Methods: The study was performed in skin specimens of 25 patients with psoriasis vulgaris and a control group of 10 individuals without a skin disease. Biopsy specimens from lesional and normal skin were analyzed by immunohistochemical method for expressions of Ki-67, Bcl-2, terminal deoxynucleotidyl transferase-mediated dUTP-biotin nick-end labeling (TUNEL), tumor necrosis factor alpha (TNF-α) and nuclear factor kappa B (NF-κB). In addition, densities of mast cell infiltration were also investigated.
Results: Ki-67 and TUNEL indexes and TNF-α and NF-κB expressions were significantly higher in psoriatic epidermis than in normal epidermis (p < 0.05). There was no significant difference at Bcl-2 reactivity between the normal and the psoriatic epidermis (p > 0.05); however, Bcl-2 staining intensity of lymphocytes was higher in psoriatic lesions than in normal dermis (p < 0.05). Additionally, the number of mast cells was significantly higher in psoriatic dermis than in normal skin (p < 0.05).
Conclusions: There were several complex factors involved in the pathogenesis of psoriasis. We conclude that cellular damage and apoptosis temporarily coincide with epidermal proliferation during the course of psoriatic hyperplasia.
Psoriasis vulgaris is a chronic inflammatory skin disease characterized by hyperproliferation and abnormal differentiation of the epidermis and also inflammatory infiltration in the epidermis and dermis.

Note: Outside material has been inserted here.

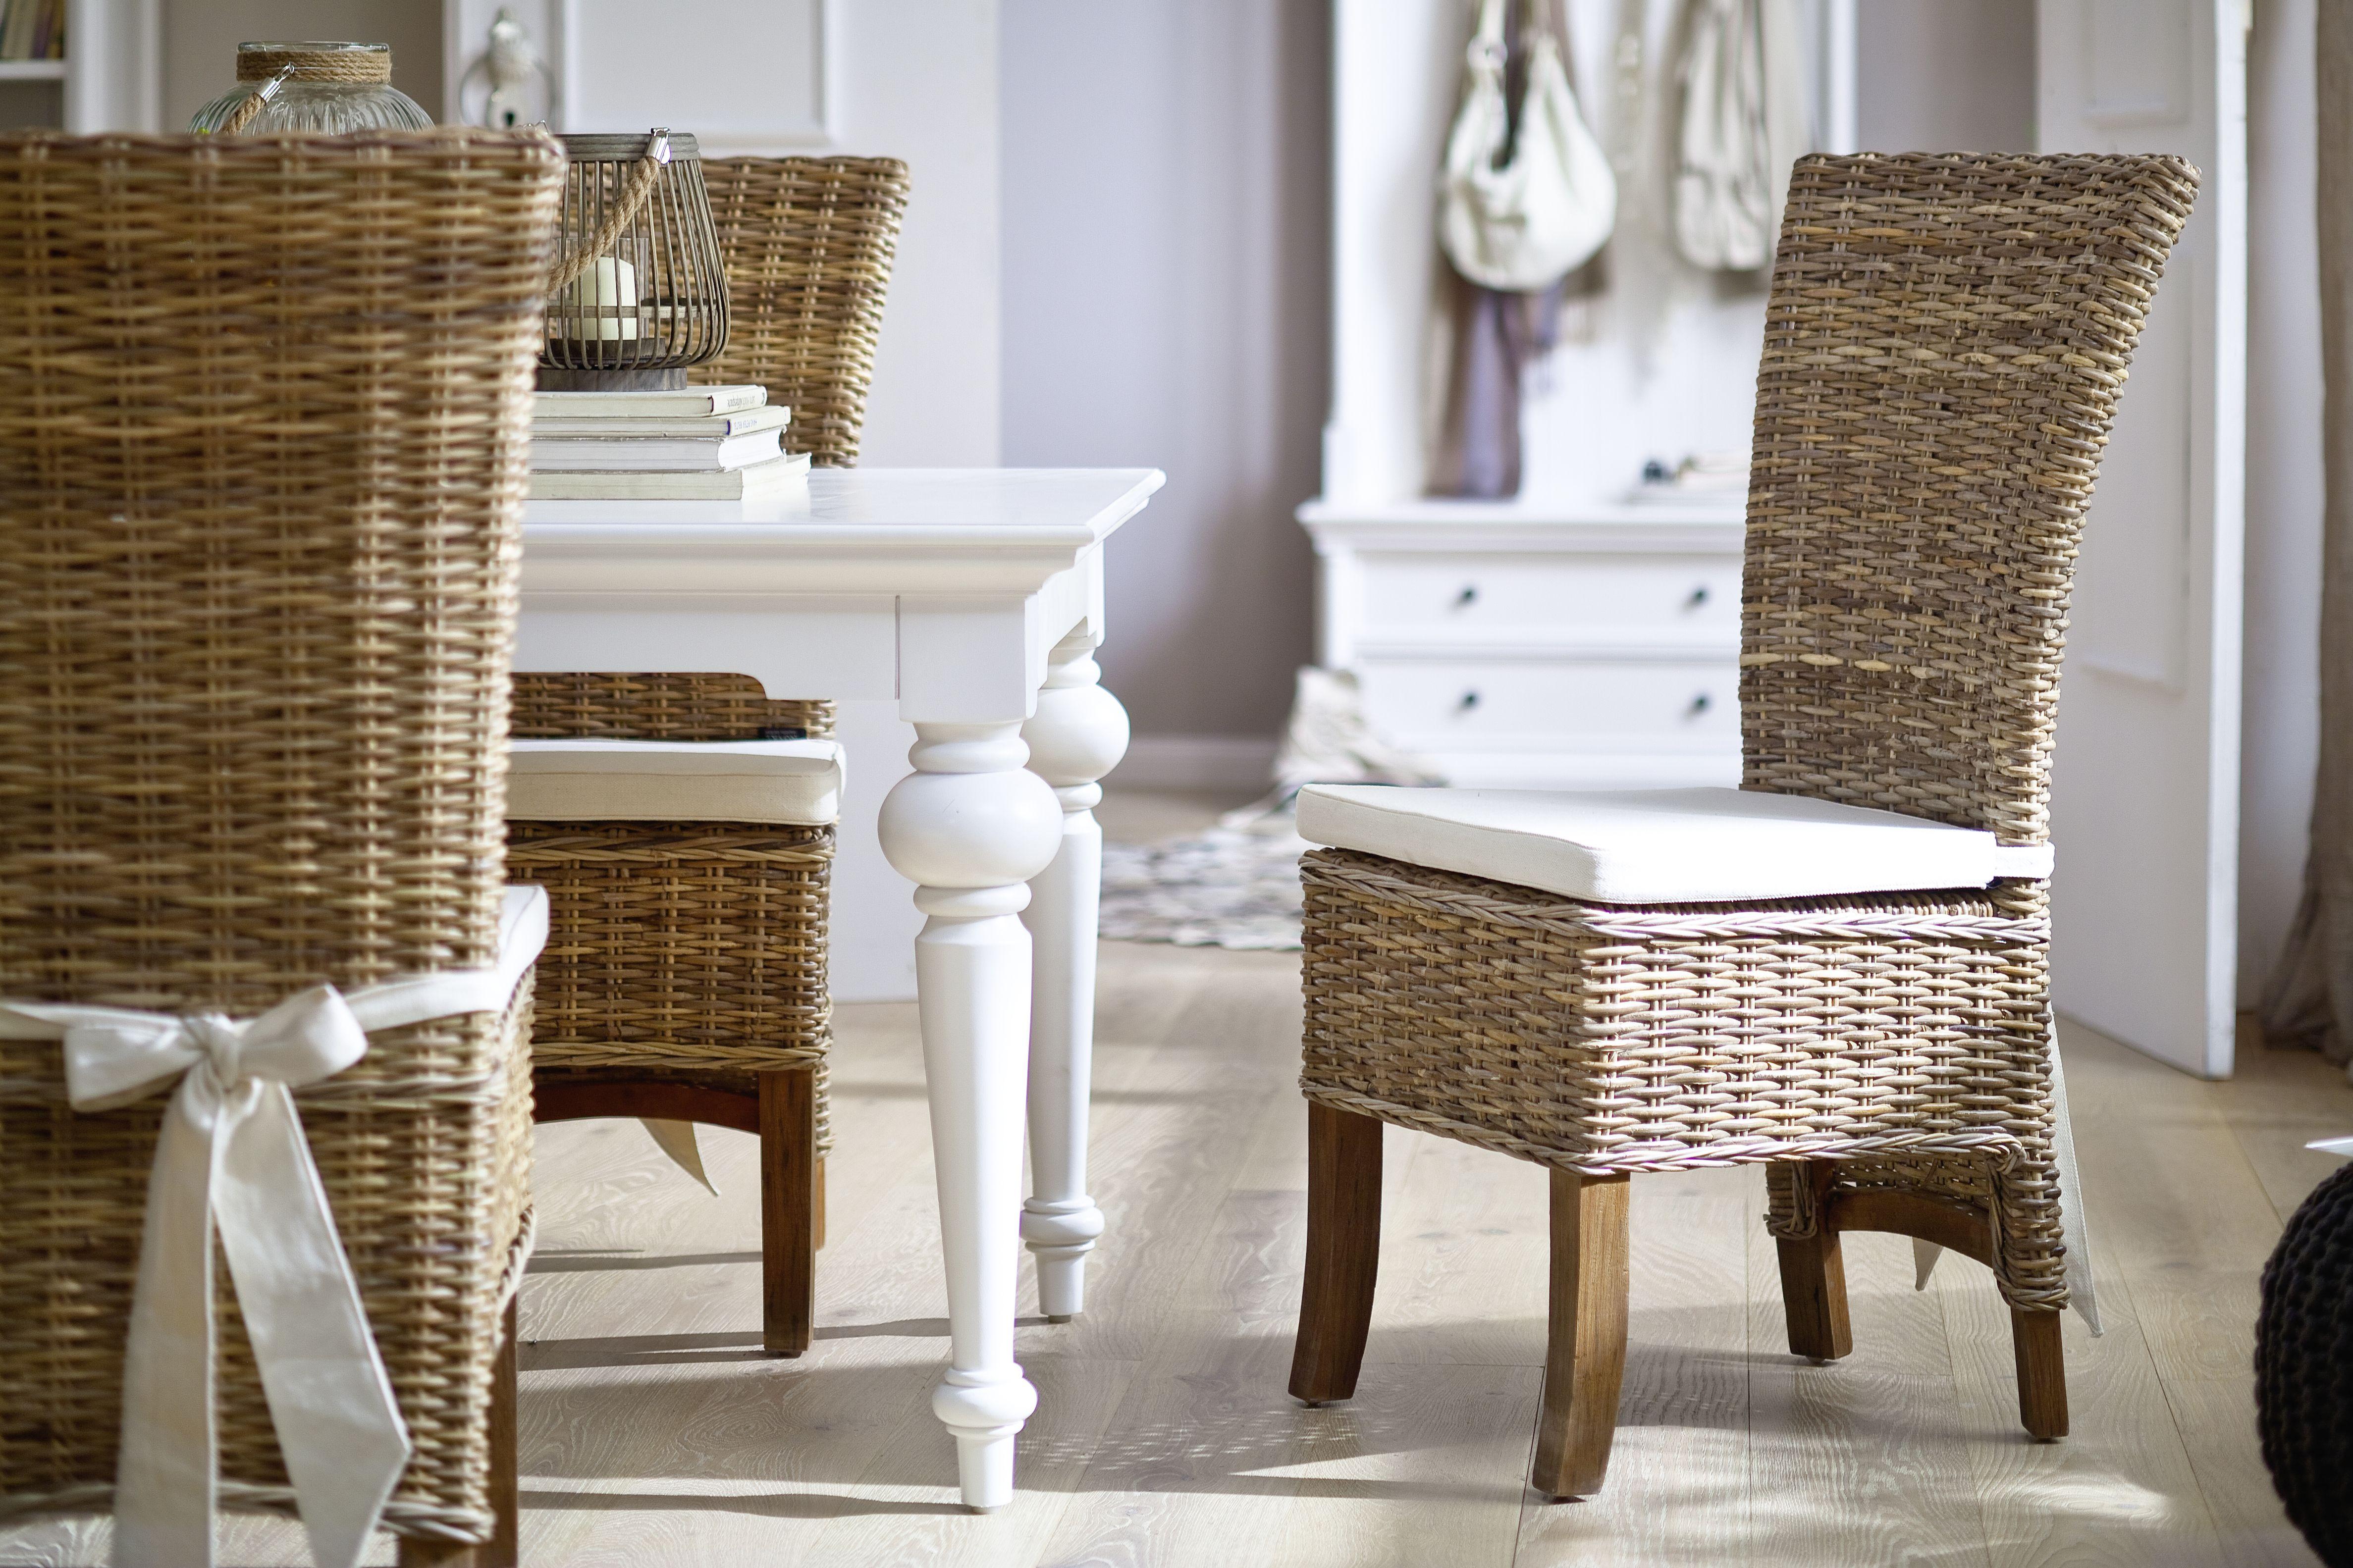 Idee Chambre Bebe Rouge : Indogatecom  Maison Moderne Diningchair

These processes are mainly driven by activated T cells or antigen-presenting cells, which release various chemokines and cytokines that signal the keratinocytes to hyperproliferate, leading to abnormal differentiation.1–7 Proliferation of keratinocytes is restricted by apoptotic cell death to maintain a constant thickness of epidermis.8 There are several pathways to induce apoptosis.

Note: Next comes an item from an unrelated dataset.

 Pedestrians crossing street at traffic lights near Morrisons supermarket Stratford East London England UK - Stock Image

Bcl-2 and its homologue proteins modulating apoptotic process were shown in psoriasis.9 Apoptosis is also induced by various stimuli, including ultraviolet radiation, tumor necrosis factor alpha (TNF-α) and Fas ligand. TNF-α is a major mediator in pathogenesis of psoriasis and a multifunctional cytokine that mediates inflammation, immune response and apoptosis.10 It is a homodimer of 157-amino acid subunits produced primarily by activated macrophages but also by other cell types, including epidermal keratinocytes.11,12 TNF-α has been shown to induce cell death of tumors by apoptosis or necrosis, and it also potentially contributes to the accumulation of inflammatory cells seen in the epidermis and dermis.1,13,14 Much higher levels of TNF-α are found in psoriatic lesional skin than in normal skin.2,12,15–18
Nuclear factor kappa B (NF-κB) has been shown to have an inhibitory role for keratinocyte growth in several studies.19–21 TNF-α and other inflammatory cytokines all of which are NF-κB activators are abundantly expressed in psoriatic epidermis (PE) where the hyperplasia is one of the foremost characteristic. Thus, the role of NF-κB in epidermis is still not well understood.20
Mast cells are mononuclear, nonphagocytic, granular immune effector cells found in various organs including the gastrointestinal tract, lungs and skin. Dermal infiltrate of the psoriasis consist of lymphomononuclear cells and mast cells. Mast cells are capable of releasing a wide range of factors that regulate the inflammatory process in skin disorders including psoriasis.22–25
The purpose of this study is to elucidate the nature of cell kinetics in a PE on the basis of differences in reactivities of TNF-α, NF-κB, Ki-67 and Bcl-2 and in the number of mast cells between the normal epidermis (NE) and the PE dermis.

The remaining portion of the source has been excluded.